_SOURCE DATA_
┌──

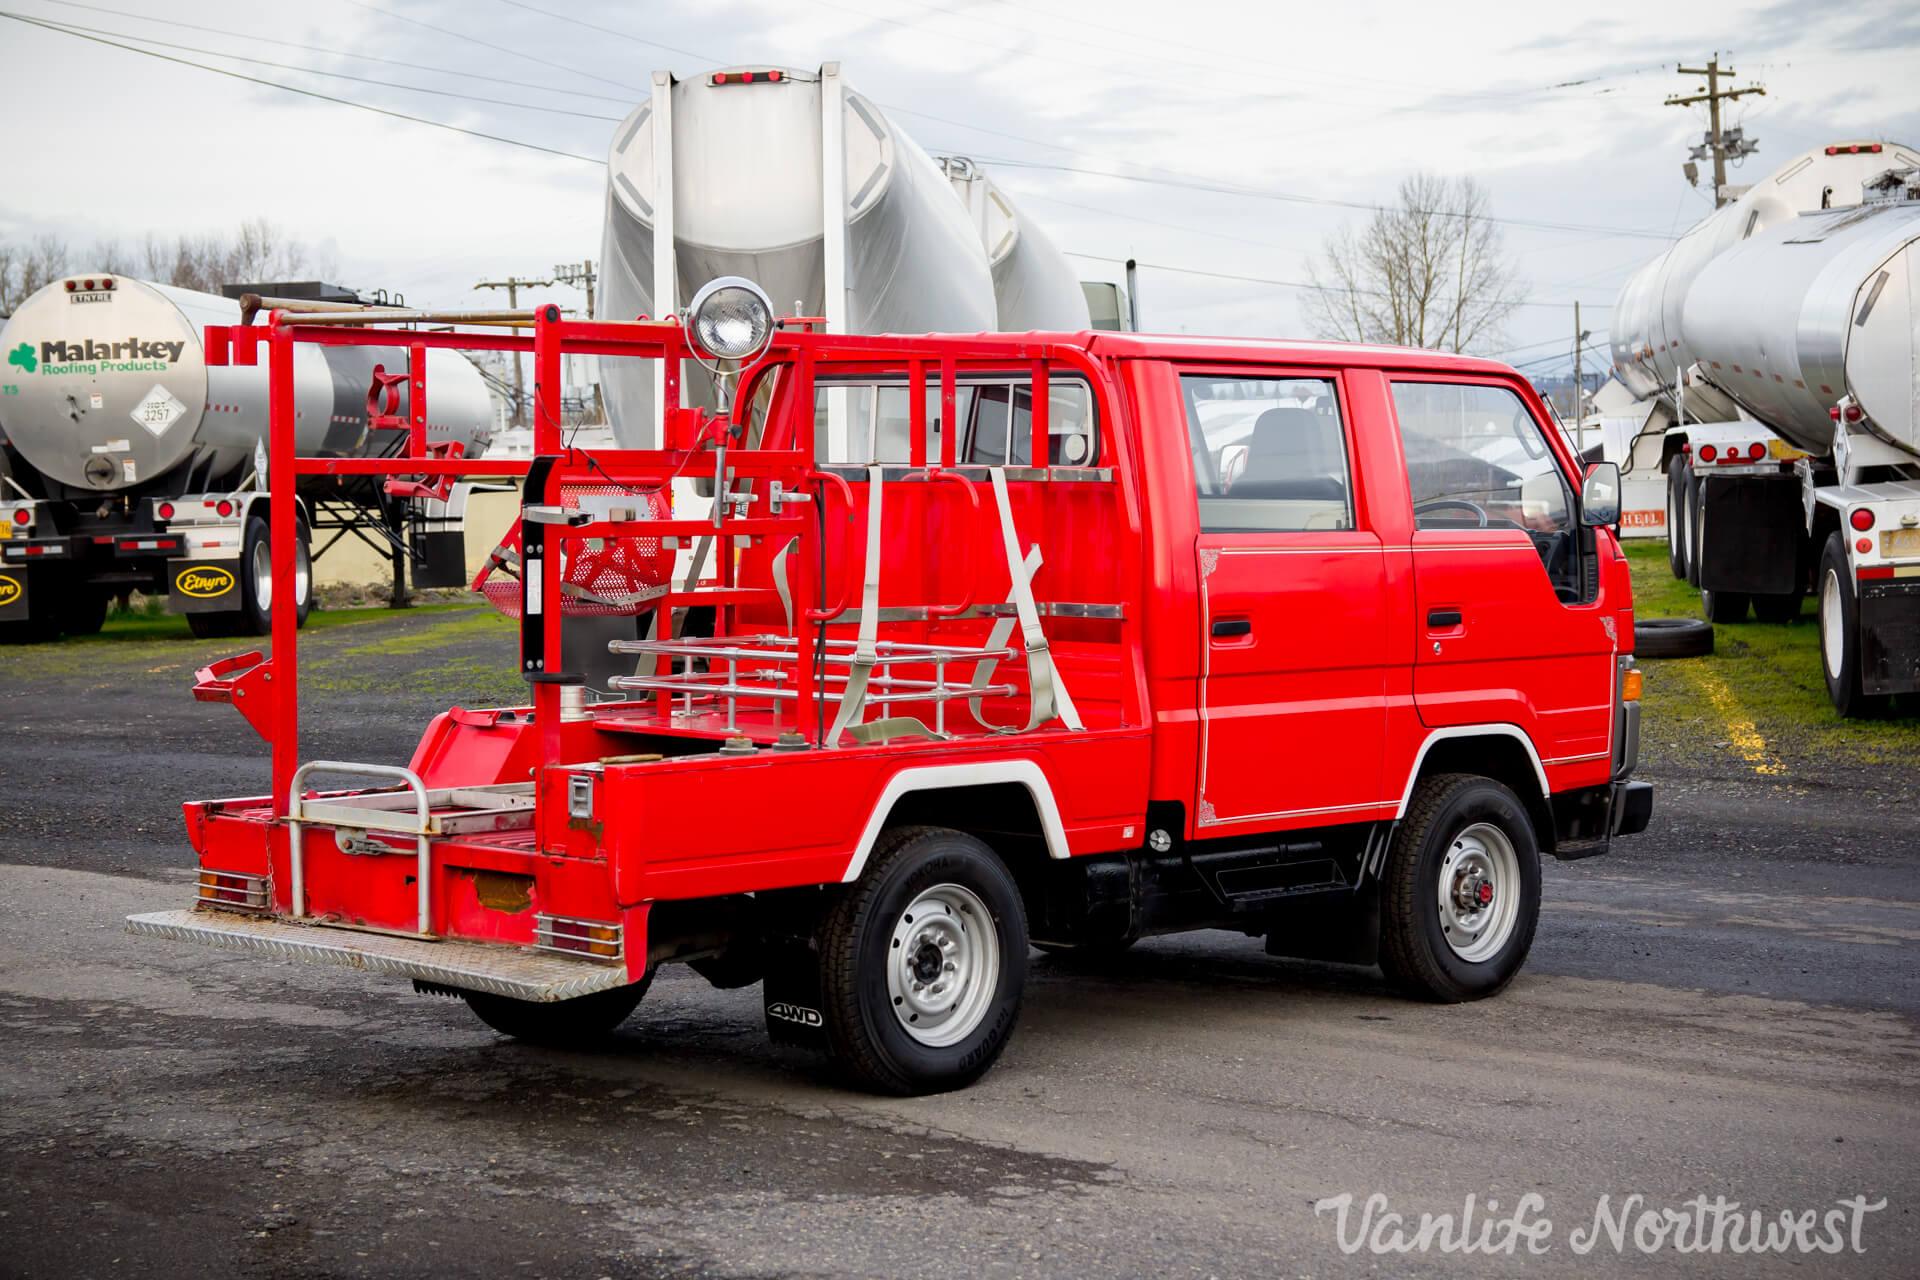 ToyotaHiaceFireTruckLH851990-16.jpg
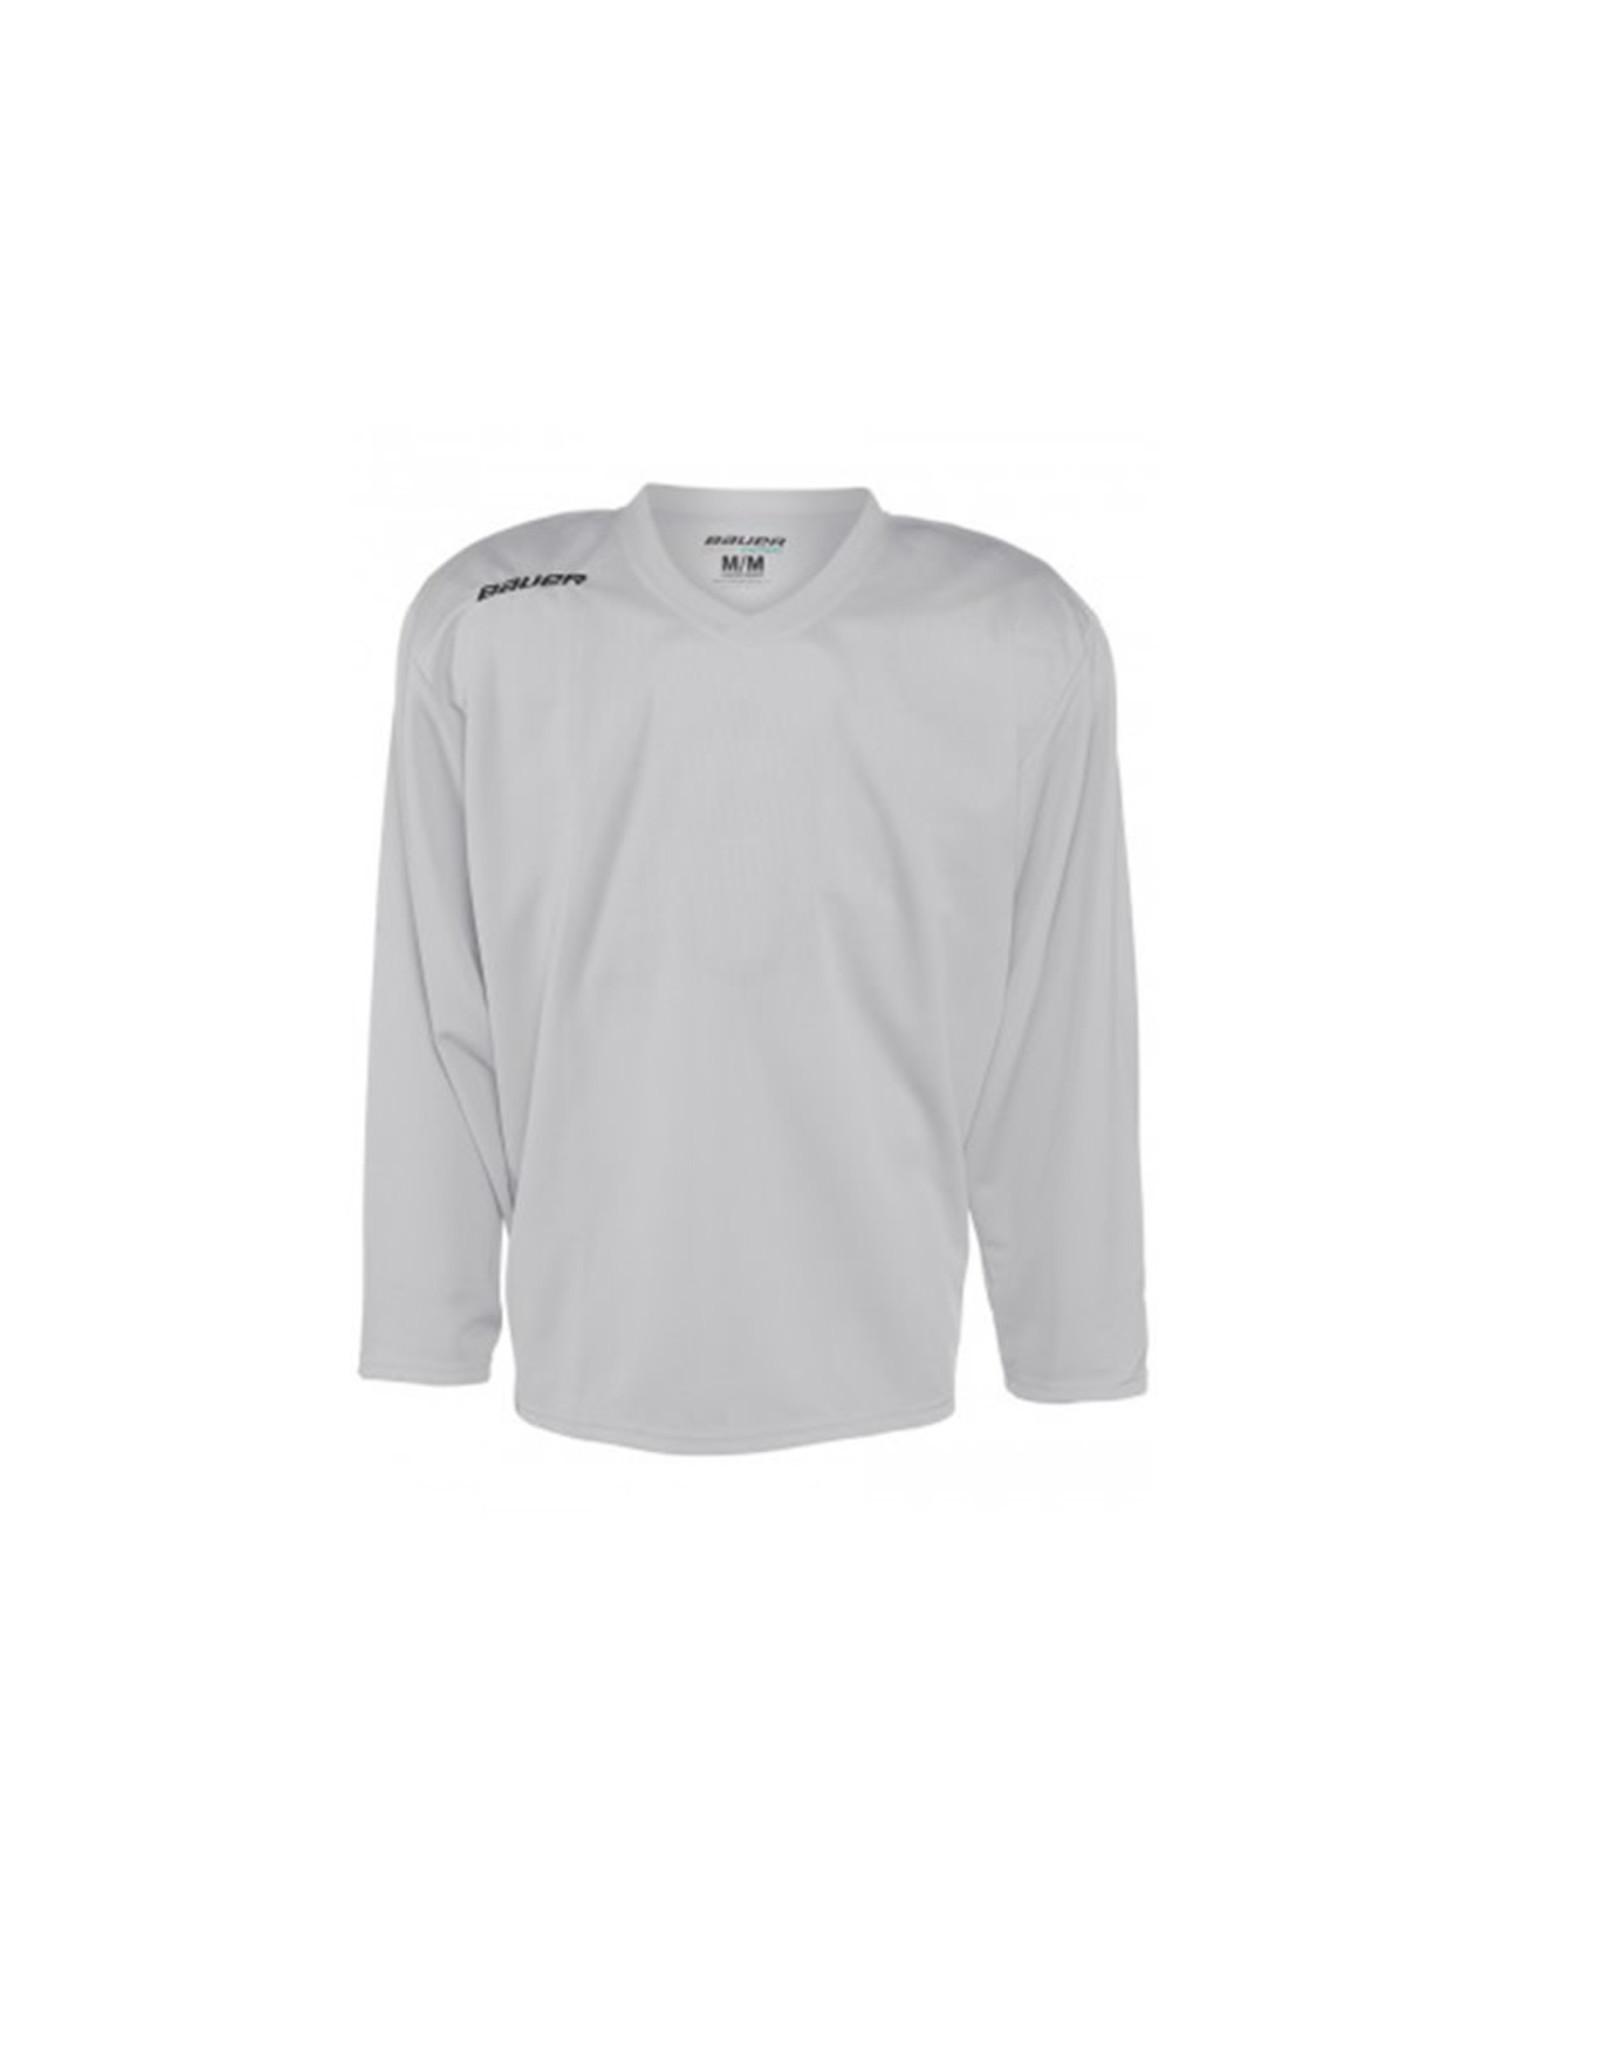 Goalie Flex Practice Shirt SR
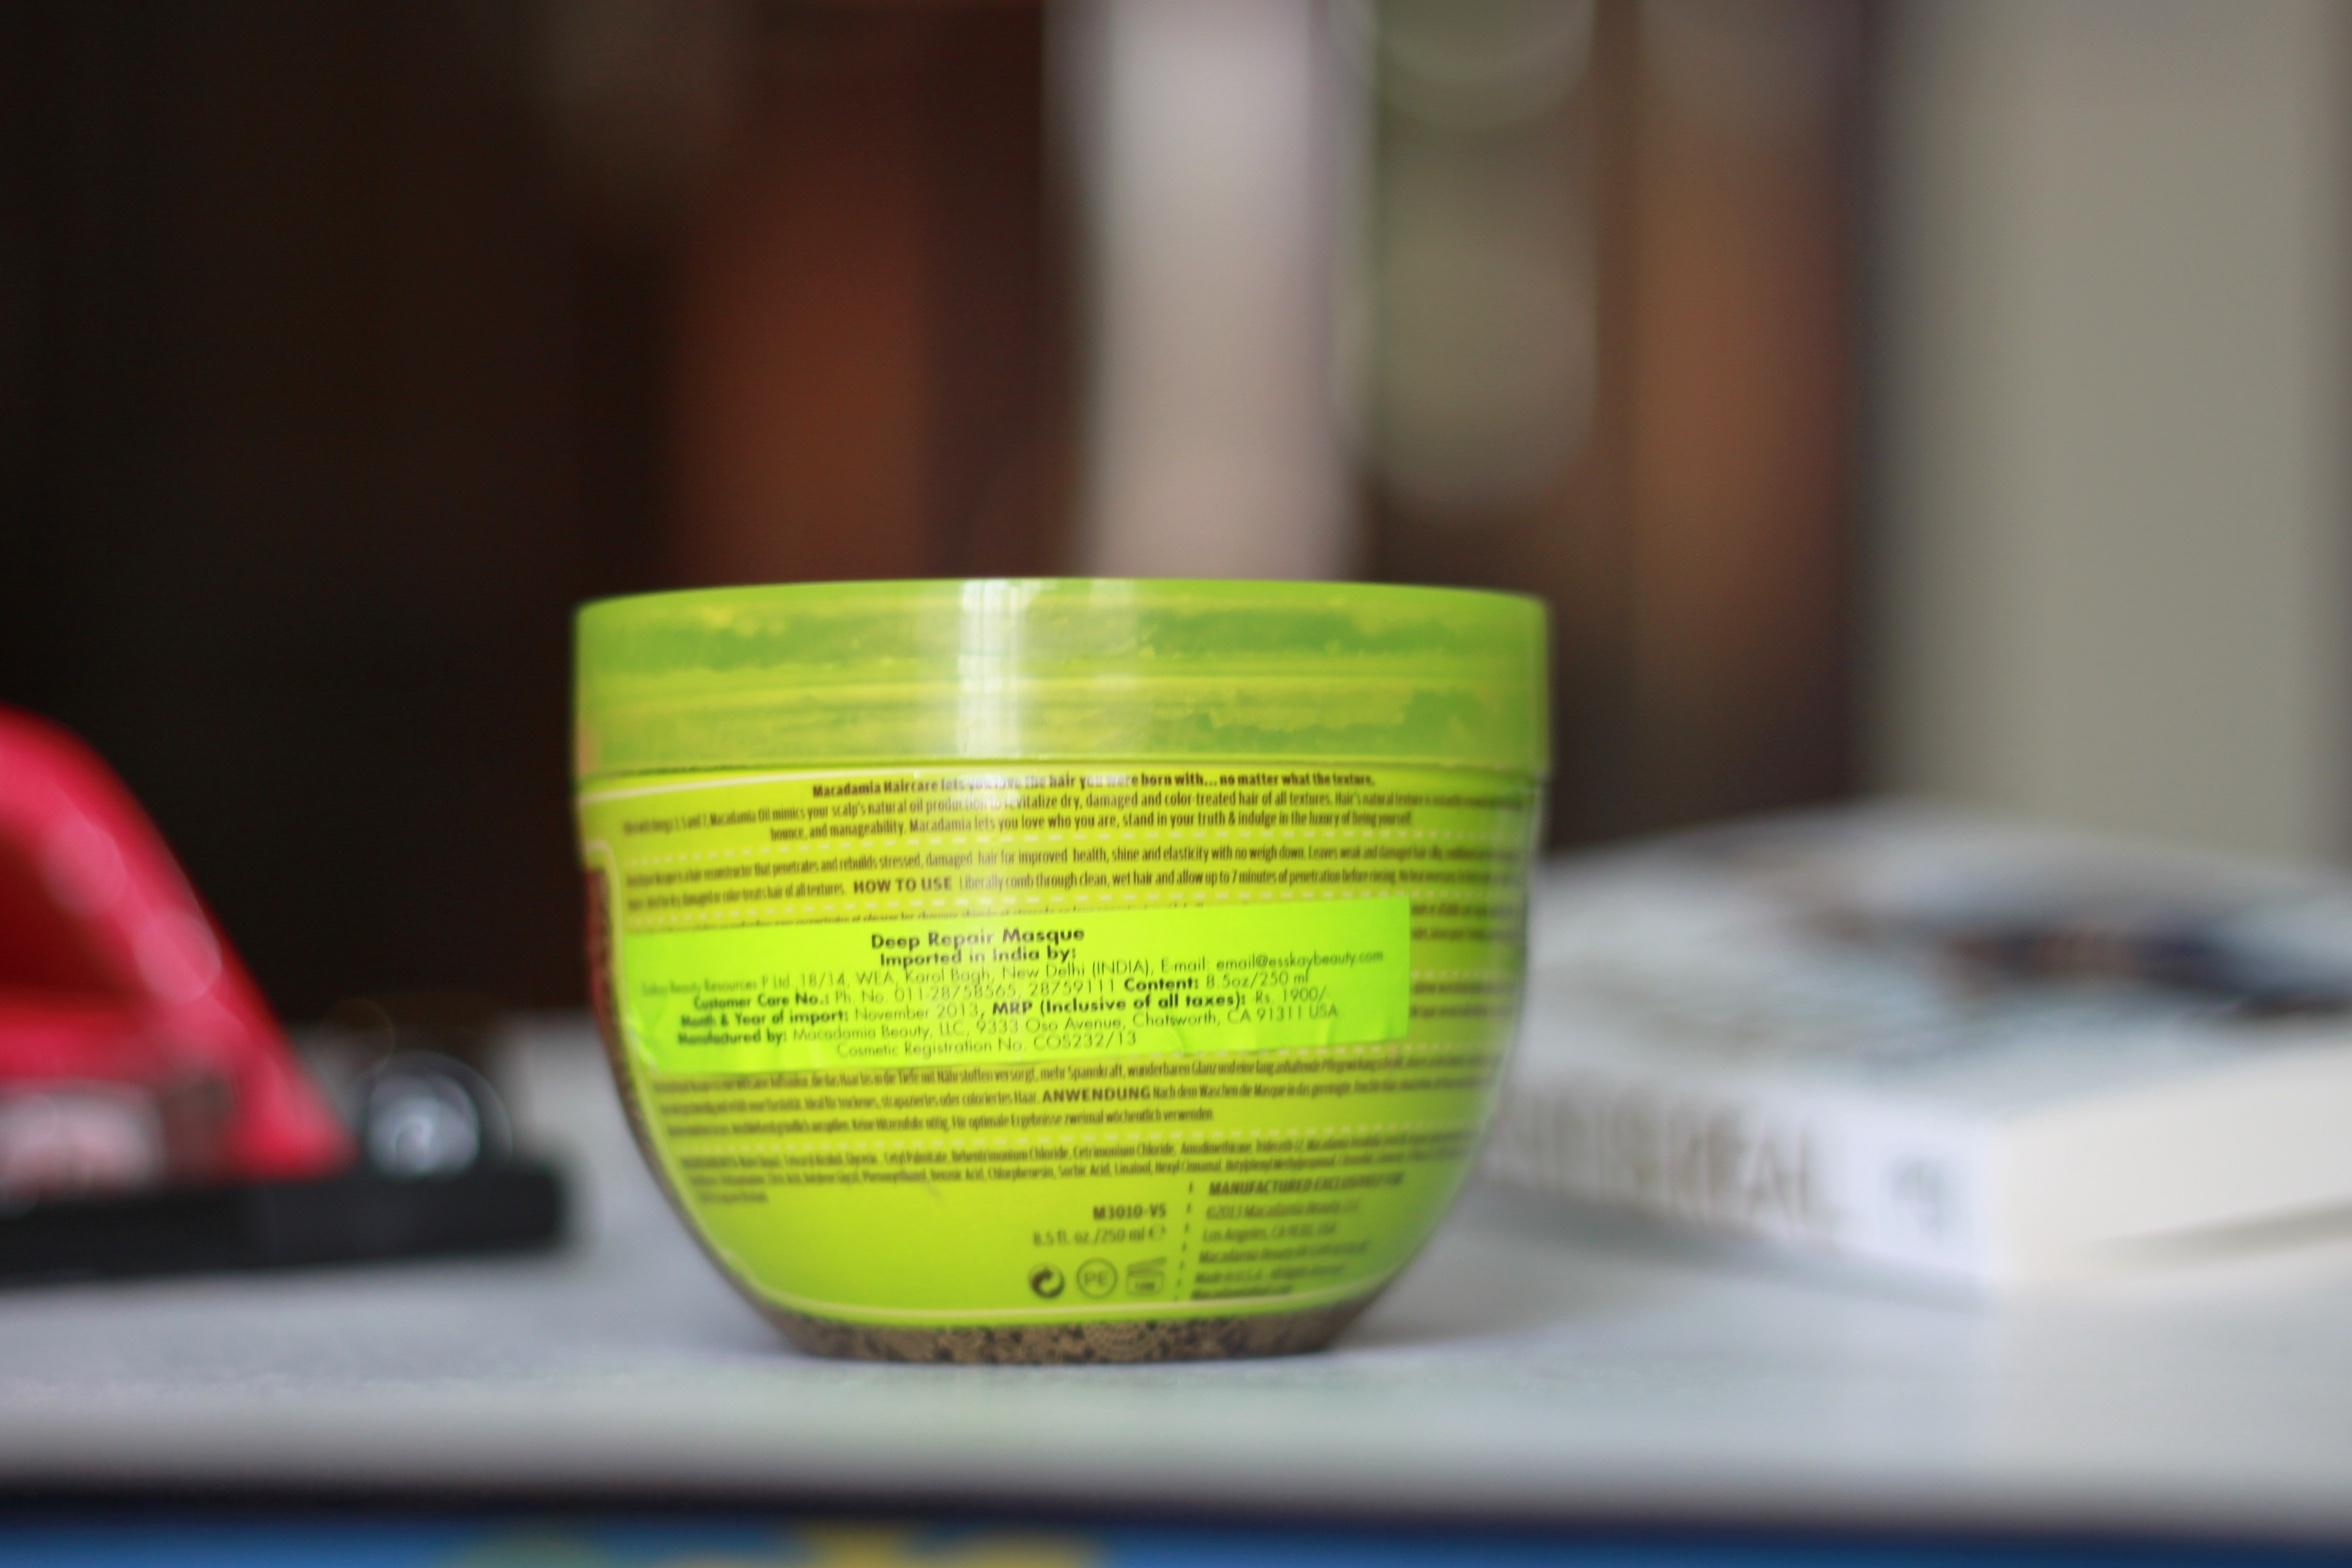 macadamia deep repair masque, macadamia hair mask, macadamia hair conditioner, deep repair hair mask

└──

_ACTION ITEM_
Restate the material above exactly. Exclude all pictures.

_SOLVED EXERCISE_
 ToyotaHiaceFireTruckLH851990-16.jpg
 Goalie Flex Practice Shirt SR
 macadamia deep repair masque, macadamia hair mask, macadamia hair conditioner, deep repair hair mask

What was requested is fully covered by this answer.